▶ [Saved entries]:
*** Begin section ***

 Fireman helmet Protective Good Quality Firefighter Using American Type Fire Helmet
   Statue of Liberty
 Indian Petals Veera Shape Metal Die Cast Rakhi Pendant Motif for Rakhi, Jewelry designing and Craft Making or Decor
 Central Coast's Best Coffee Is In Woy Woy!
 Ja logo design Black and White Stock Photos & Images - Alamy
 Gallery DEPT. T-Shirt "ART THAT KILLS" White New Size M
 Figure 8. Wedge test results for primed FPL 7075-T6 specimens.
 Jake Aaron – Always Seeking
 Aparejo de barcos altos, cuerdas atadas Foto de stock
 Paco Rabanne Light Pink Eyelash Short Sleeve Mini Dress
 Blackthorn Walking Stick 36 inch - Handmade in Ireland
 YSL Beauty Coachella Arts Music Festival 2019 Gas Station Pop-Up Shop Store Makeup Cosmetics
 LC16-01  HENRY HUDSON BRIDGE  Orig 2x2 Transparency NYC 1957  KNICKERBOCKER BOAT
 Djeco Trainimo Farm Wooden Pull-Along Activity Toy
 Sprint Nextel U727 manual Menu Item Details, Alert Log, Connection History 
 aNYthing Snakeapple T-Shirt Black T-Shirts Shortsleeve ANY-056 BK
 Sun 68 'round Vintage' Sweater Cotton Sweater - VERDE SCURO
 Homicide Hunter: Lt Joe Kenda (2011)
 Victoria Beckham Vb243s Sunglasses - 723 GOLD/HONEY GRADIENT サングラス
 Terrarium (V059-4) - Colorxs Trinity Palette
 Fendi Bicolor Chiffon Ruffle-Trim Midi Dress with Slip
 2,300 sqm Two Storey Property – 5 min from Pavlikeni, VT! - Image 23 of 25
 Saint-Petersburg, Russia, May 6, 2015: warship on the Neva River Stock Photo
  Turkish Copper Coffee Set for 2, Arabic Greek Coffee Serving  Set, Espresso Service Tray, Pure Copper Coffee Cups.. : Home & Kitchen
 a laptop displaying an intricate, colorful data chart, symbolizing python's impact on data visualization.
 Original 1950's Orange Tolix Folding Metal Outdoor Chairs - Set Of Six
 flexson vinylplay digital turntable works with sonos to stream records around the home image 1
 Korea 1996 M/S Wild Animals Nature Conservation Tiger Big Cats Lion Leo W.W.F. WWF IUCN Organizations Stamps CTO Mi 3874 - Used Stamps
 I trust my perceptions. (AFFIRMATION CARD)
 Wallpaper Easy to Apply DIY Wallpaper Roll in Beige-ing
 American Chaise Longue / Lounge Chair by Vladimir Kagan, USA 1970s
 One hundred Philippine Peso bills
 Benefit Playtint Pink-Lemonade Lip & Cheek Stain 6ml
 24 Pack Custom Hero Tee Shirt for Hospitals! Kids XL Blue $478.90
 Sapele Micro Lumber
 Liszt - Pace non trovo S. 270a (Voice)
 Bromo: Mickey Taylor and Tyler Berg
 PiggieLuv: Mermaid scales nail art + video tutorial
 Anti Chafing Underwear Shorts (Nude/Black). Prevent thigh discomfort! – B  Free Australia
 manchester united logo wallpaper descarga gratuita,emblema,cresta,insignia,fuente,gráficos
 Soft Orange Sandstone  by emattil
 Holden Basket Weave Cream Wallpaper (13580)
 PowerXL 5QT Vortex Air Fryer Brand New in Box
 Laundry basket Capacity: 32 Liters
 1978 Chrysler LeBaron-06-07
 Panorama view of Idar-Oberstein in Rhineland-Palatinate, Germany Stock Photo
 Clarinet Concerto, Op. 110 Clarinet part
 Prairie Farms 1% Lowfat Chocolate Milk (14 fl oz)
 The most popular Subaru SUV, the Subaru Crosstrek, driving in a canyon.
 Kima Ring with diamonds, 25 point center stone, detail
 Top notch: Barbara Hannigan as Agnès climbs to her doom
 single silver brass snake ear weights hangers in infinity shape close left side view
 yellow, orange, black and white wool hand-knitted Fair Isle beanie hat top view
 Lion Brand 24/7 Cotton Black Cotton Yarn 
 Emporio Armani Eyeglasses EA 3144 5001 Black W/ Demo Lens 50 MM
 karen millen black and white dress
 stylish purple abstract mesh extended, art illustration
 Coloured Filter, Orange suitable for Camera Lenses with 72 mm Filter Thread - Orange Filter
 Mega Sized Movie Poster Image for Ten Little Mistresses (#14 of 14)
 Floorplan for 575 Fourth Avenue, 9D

*** End section ***

▶ [Exercise objective]: Your reply should be nothing but the lines from the one containing "Mega Sized Movie" through the last line above, copied exactly; please include both ends.

▶ [Answer for this exercise]:
 Mega Sized Movie Poster Image for Ten Little Mistresses (#14 of 14)
 Floorplan for 575 Fourth Avenue, 9D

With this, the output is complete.